The American Falls look like they could use a good stone mason.   There is a lot of rock junk at the base, causing the falls to look more like a cascade than real falls.    The Canadian side, Horseshoe Falls, is the spectacular sight.   Our boat got so close all we could see was spray, and that causes some pretty stiff winds.  The raincoats only protected so much.









I short drive down the Niagara River is the Niagara Whirlpools.    Nice park.  



I have an appointment for a 10:30 tour of the Fillmore home in East Aurora.   I plan to visit several other presidential sites in the Buffalo area, before retiring to my room to prepare for my dash across Ontario and into the Upper Peninsula of Michigan.   By prepare, I mean I may need to do some laundry.

Saturday, September 28, 2024

Martin Van Buren and The Erie Canal

This happened Saturday, September, 28.

First off, I don’t think President Van Buren had anything to do with the Erie Canal, but both are in the Albany area, thence the title.


There is a wedding party staying in this hotel. The ceremony and the reception will occur across the street, but preparations have been going on here all day and many many of the guests are here. I talk about this because when I took the elevator downstairs for breakfast this morning, the elevator opened and three young ladies exploded into the elevator, almost knocking me down! Granted, it’s not a bad way to die, but I swear there’s 20 bridesmaids getting their hair done!

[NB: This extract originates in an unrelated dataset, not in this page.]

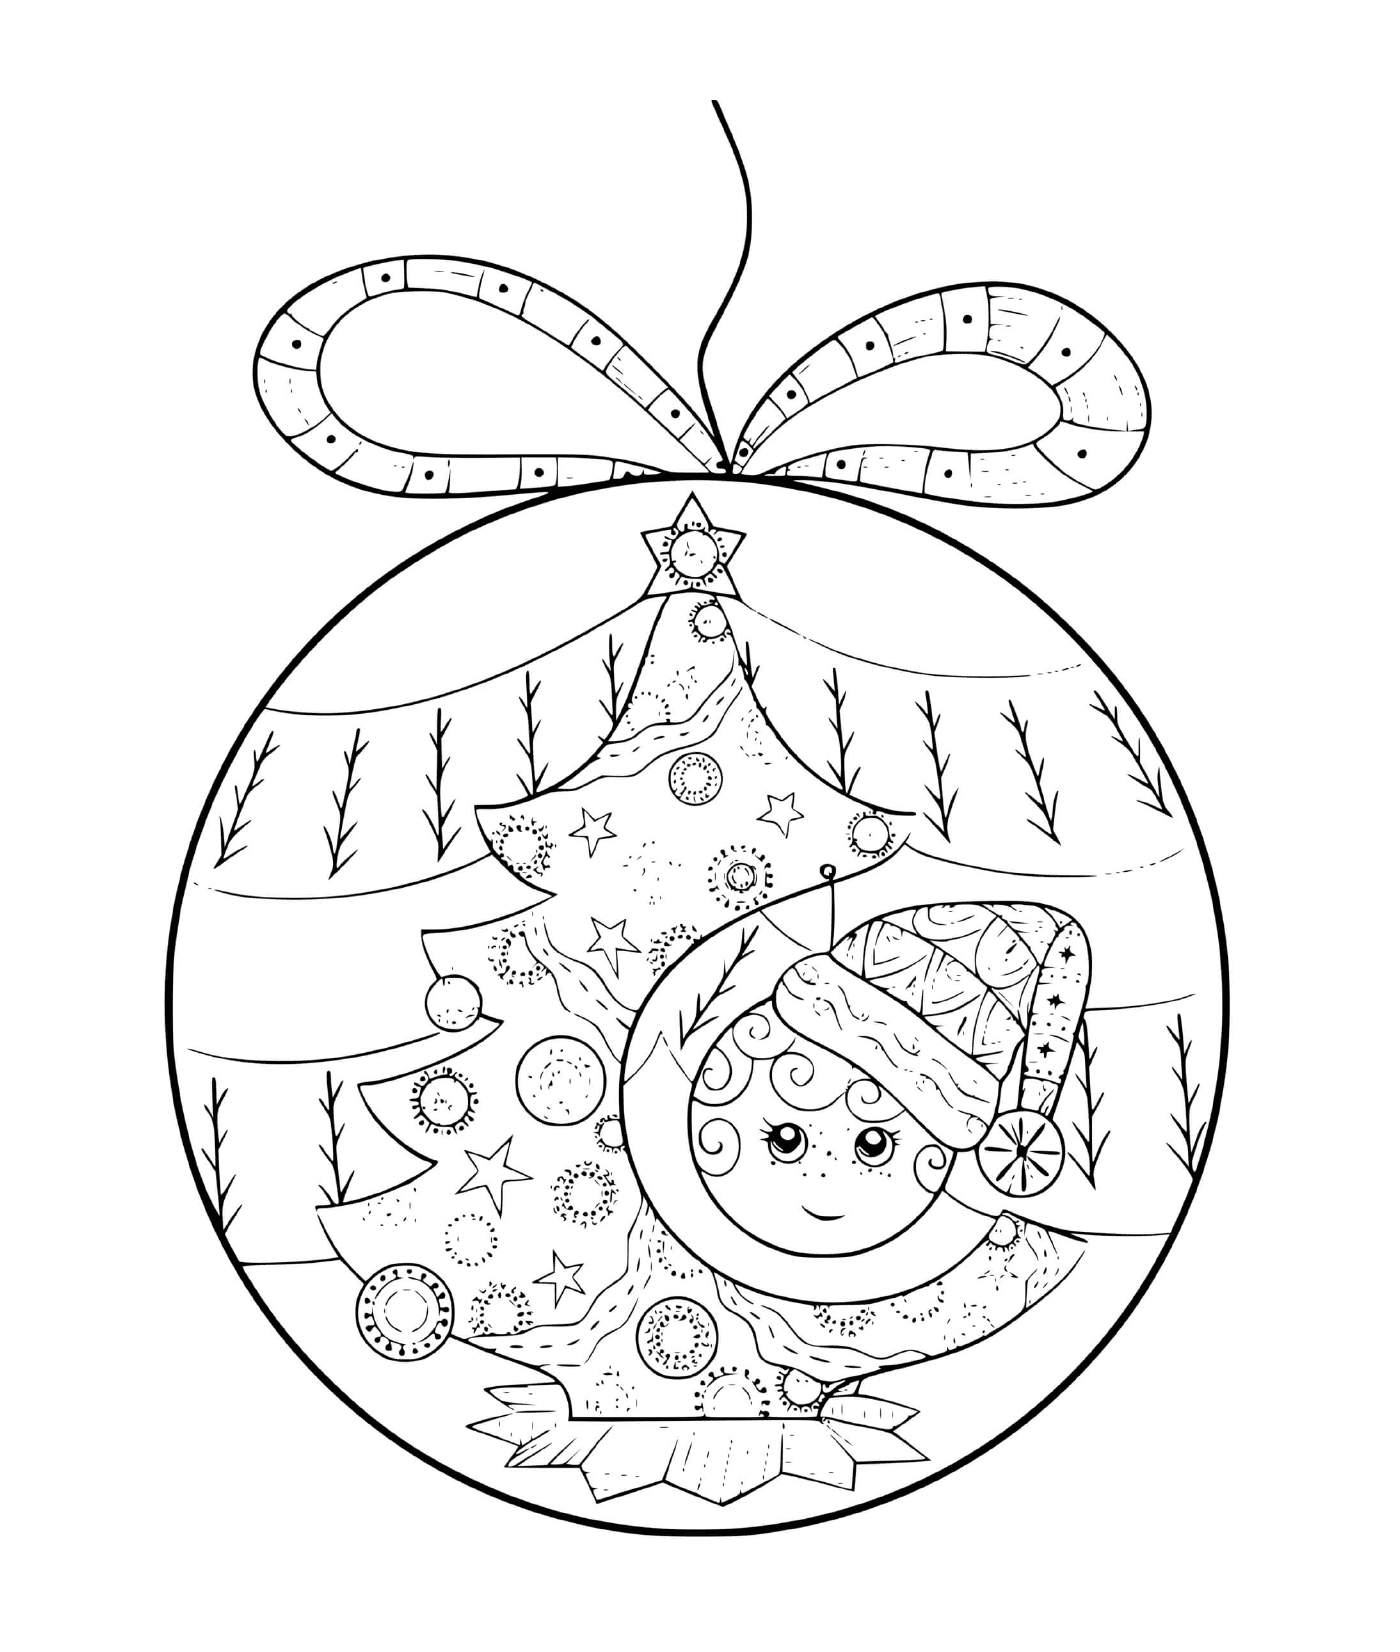  एक क्रिसमस की गेंद बच्चे और पेड़ के साथ

After breakfast, I drove to Kinderhook, a short distance from Troy to the post-presidency home of Martin Van Buren. The only two things I knew about Van Buren prior to the tour was that English was his second language (Dutch was his first), and he was known derisively in Washington and politics as The Little Magician. He was from Kinderhook, but did not move into that particular house until after his presidency.     Very nice tour. Van Buren was one of Jackson’s vice presidents; his wife had died long before he became president and his 20 year year-old daughter-in-law took on the duties of the first lady. Far away the youngest first lady.  Van Buren had slaves (I should say enslaved people) until New York State ruled this out and so his house was served by about a half dozen Irish teenage girls. The guide got a kick out of showing us the bell system that I have seen in a few other houses. There was a lever in each room that the family could pull, and a bell rang down in the servants quarters in the basement. Much of the house is reproduction or from the same time-period. The wallpaper in the main room of the house is original and is worth the visit. It took 55 pieces of wallpaper and the French company that manufactured it is still in business . 

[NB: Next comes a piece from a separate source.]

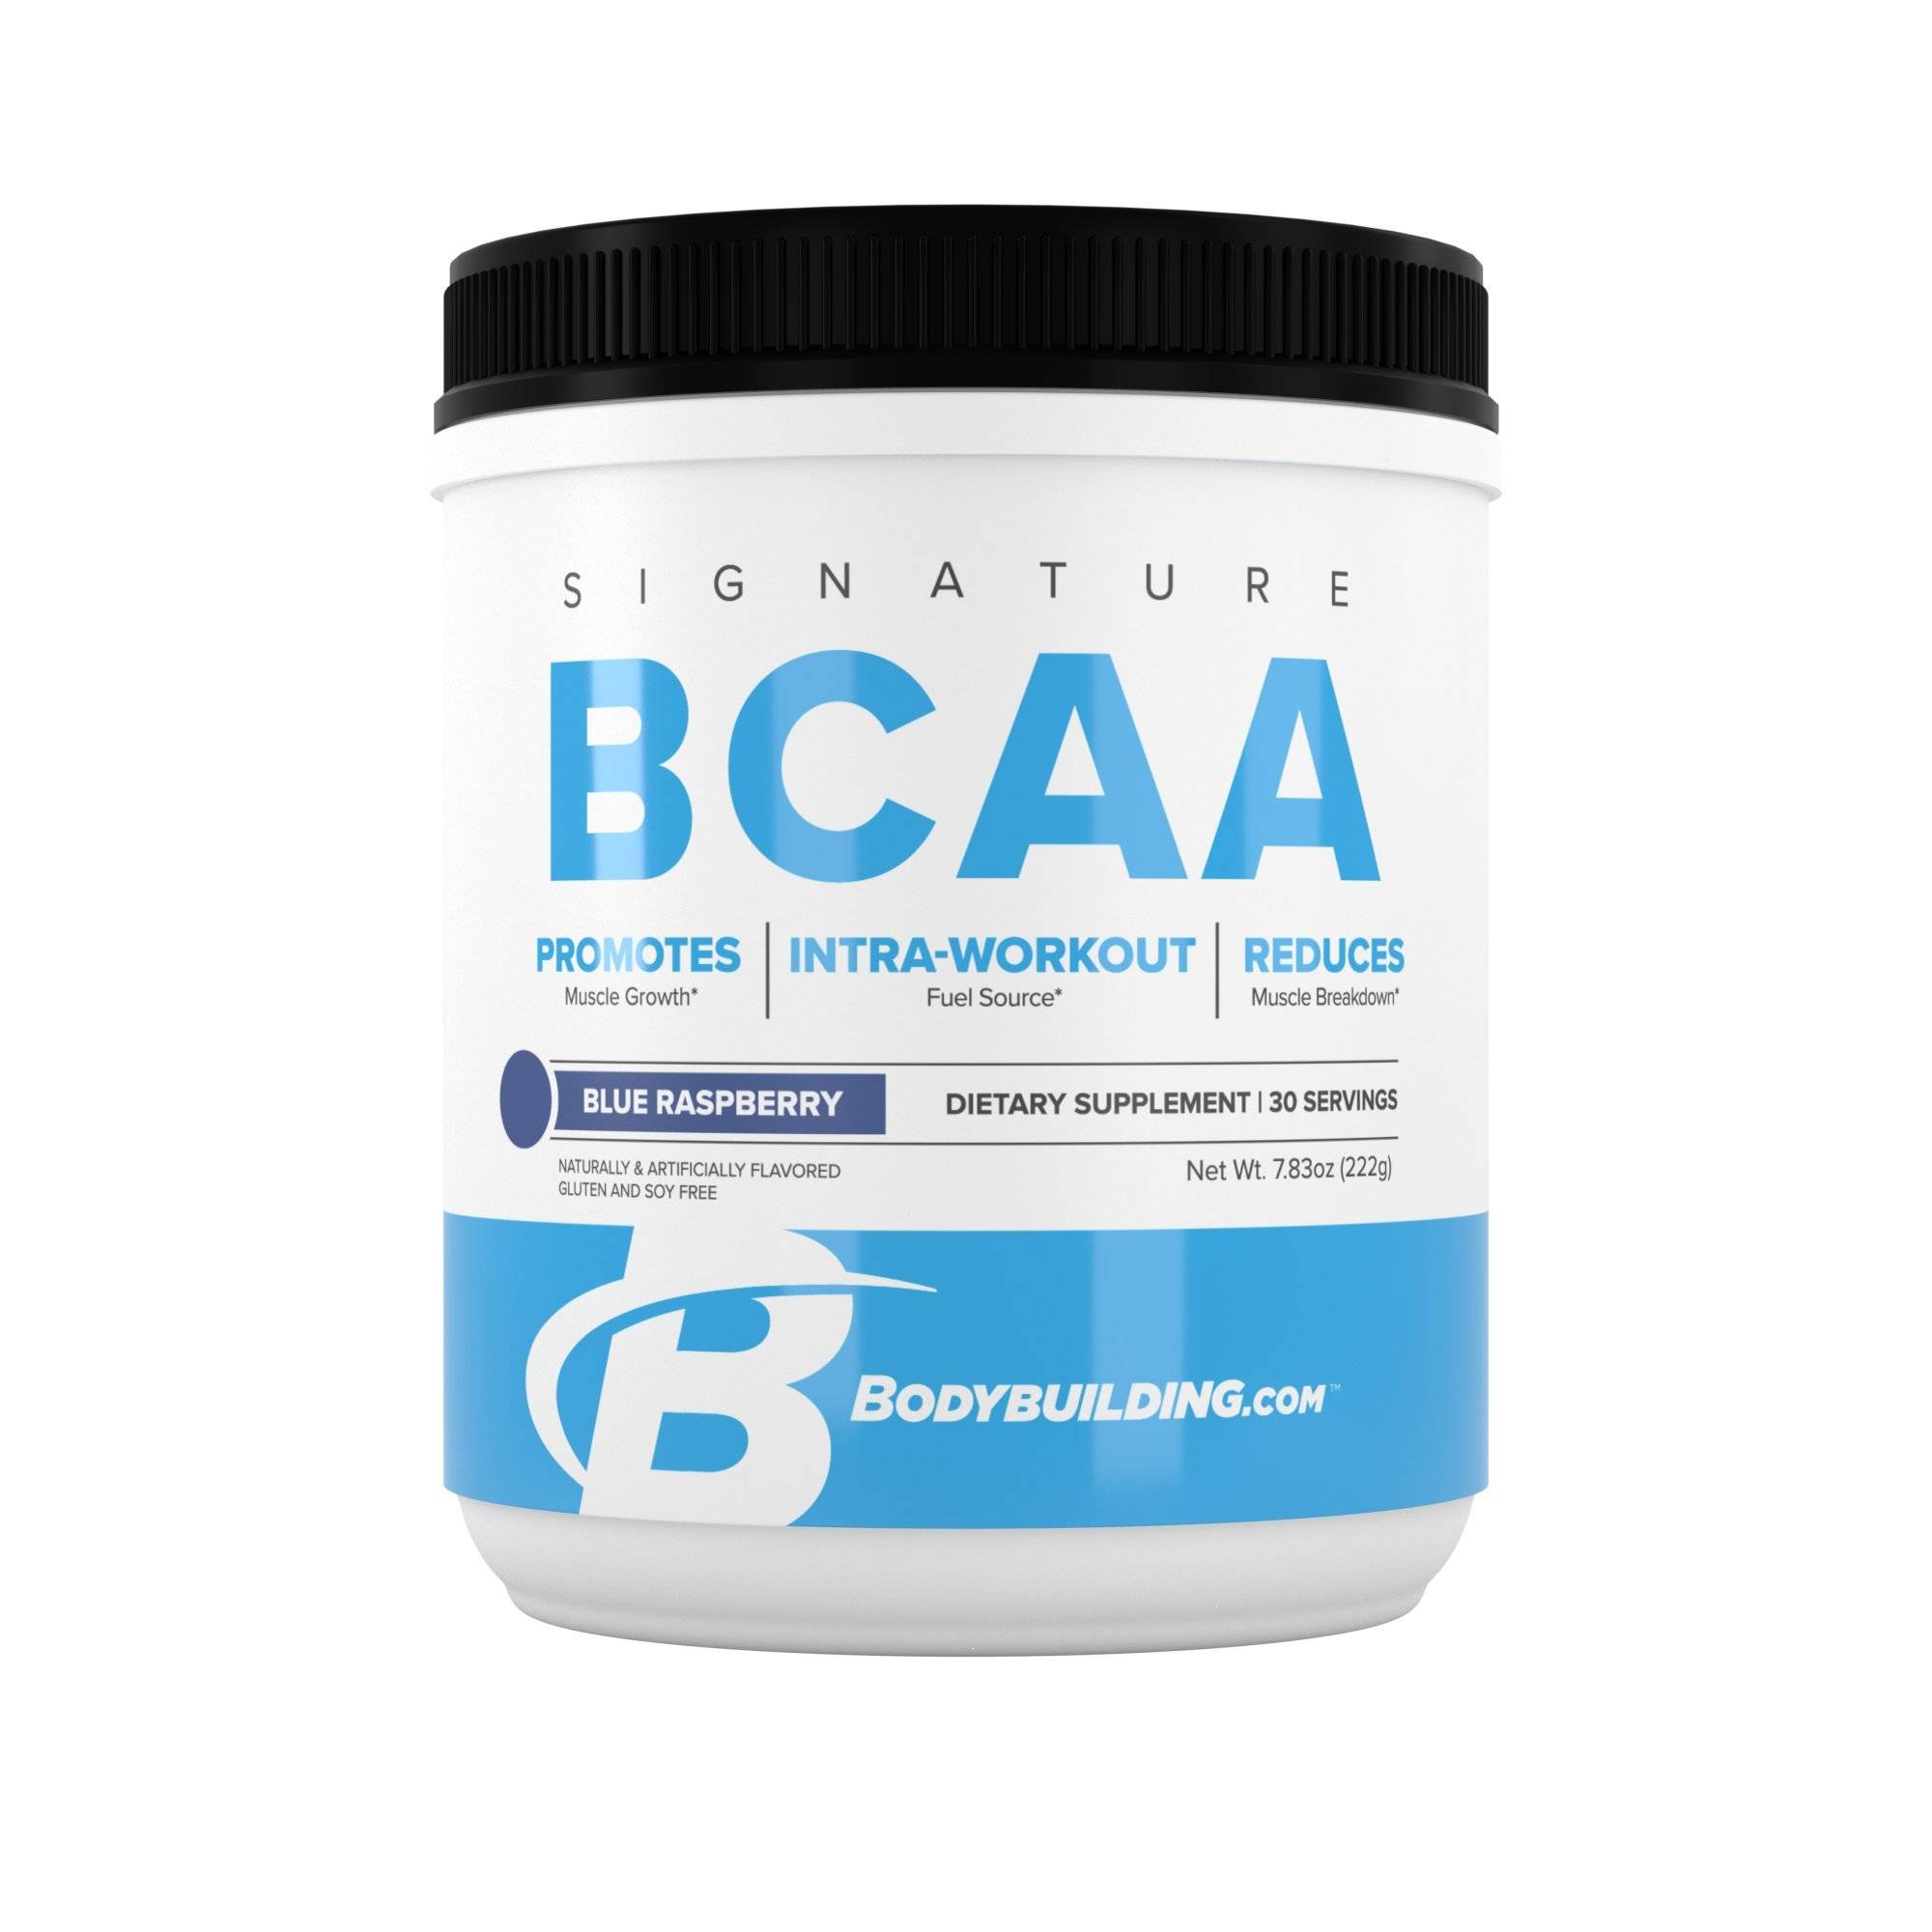 Аминокислоты bcaa (бцаа) как принимать и какой эффект от использования

Van Buren supported President Jackson’s Indian removal policies and in fact carried out many more of them himself. The Trail of Tears, I believe, actually happened on Van Buren‘s watch.  Van Buren only had an eighth grade education, but was apprenticed to a lawyer and became a very successful lawyer himself.

It was warm today, so I went back to the hotel and got out of my blue jeans and went for something much cooler for the rest of the day. I have always been curious about the Erie Canal, whose eastern end is by Albany.   My tiny map on this iPhone was no help so I pretty much just started crisscrossing the area looking for the part of the canal that I wanted to see. Soon enough I come upon the Mohawk river and a 35 foot sailboat, cruising towards the eastern end of the canal. I set off to find it entering Canal Lock Six. As I watched it slowly dropping elevation in the lock I struck up a conversation with Leroy, the guy working the lock, and soon enough, it was time to open the other lock gate.    He motioned to me to come over to the control house and he pointed to the button and I, Dan Nagel, with great fanfare and bluster, opened a lock gate on the Erie canal! I followed the sailboat to the next lock and learned that there is still some commercial traffic on the canal in the form of barges.




For dinner I had a flight of four little craft beers and a Ruben made from grilled haddock! Very tasty and satisfying.

Tomorrow, I am going to try to go to Cooperstown on pilgrimage to the baseball Hall of Fame.